What is it we're shooting for? Under this lies a fact never mentioned aloud, but tacitly understood and acted upon: namely, that the conditions of life in all three super-states are very much the same. In Oceania the prevailing philosophy is called Ingsoc, in Eurasia it is called Neo-Bolshevism, and in Eastasia it is called by a Chinese name usually translated as Death- Worship, but perhaps better rendered as Obliteration of the Self. The citizen of Oceania is not allowed to know anything of the tenets of the other two philosophies, but he is taught to execrate them as barbarous outrages upon morality and common sense.

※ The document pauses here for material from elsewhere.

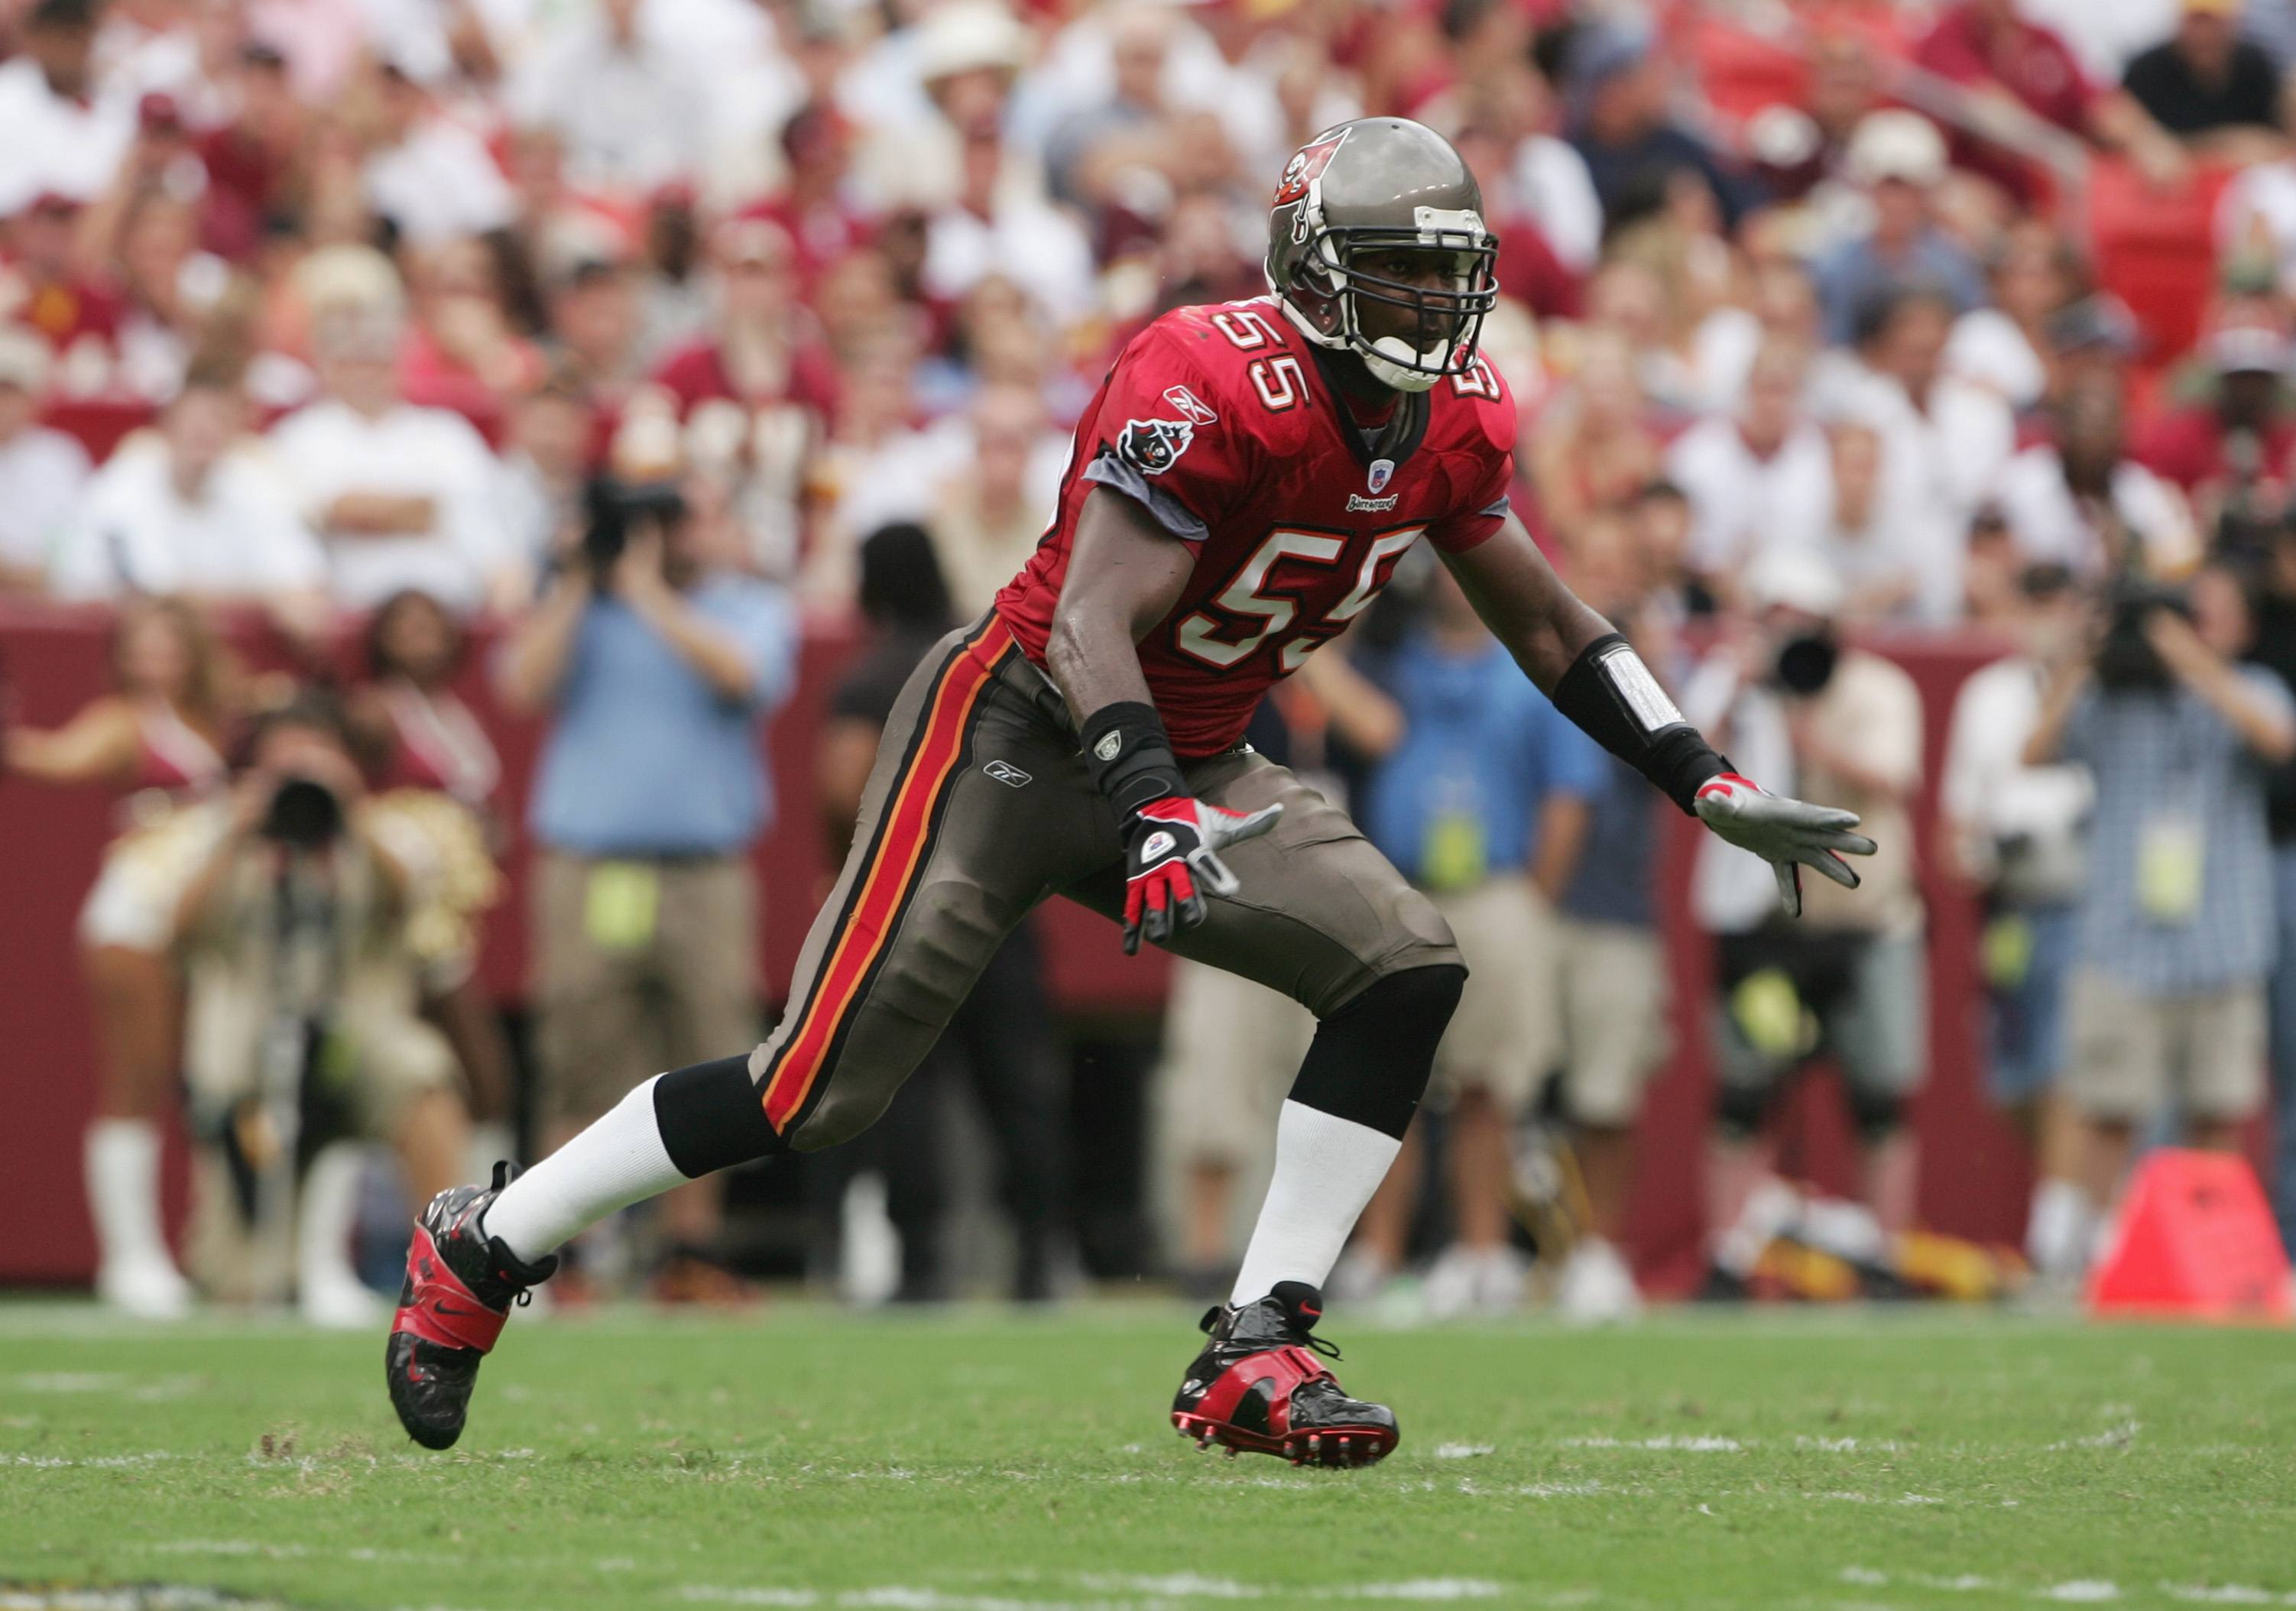 Derrick Brooks is one of the greatest NFL linebackers ever

Actually the three philosophies are barely distinguishable, and the social systems which they support are not distinguishable at all. Everywhere there is the same pyramidal structure, the same worship of semi-divine leader, the same economy existing by and for continuous warfare. It follows that the three super-states not only cannot conquer one another, but would gain no advantage by doing so. On the contrary, so long as they remain in conflict they prop one another up, like three sheaves of corn. And, as usual, the ruling groups of all three powers are simultaneously aware and unaware of what they are doing. Their lives are dedicated to world conquest, but they also know that it is necessary that the war should continue everlastingly and without victory. Meanwhile the fact that there is no danger of conquest makes possible the denial of reality which is the special feature of Ingsoc and its rival systems of thought. Here it is necessary to repeat what has been said earlier, that by becoming continuous war has fundamentally changed its character.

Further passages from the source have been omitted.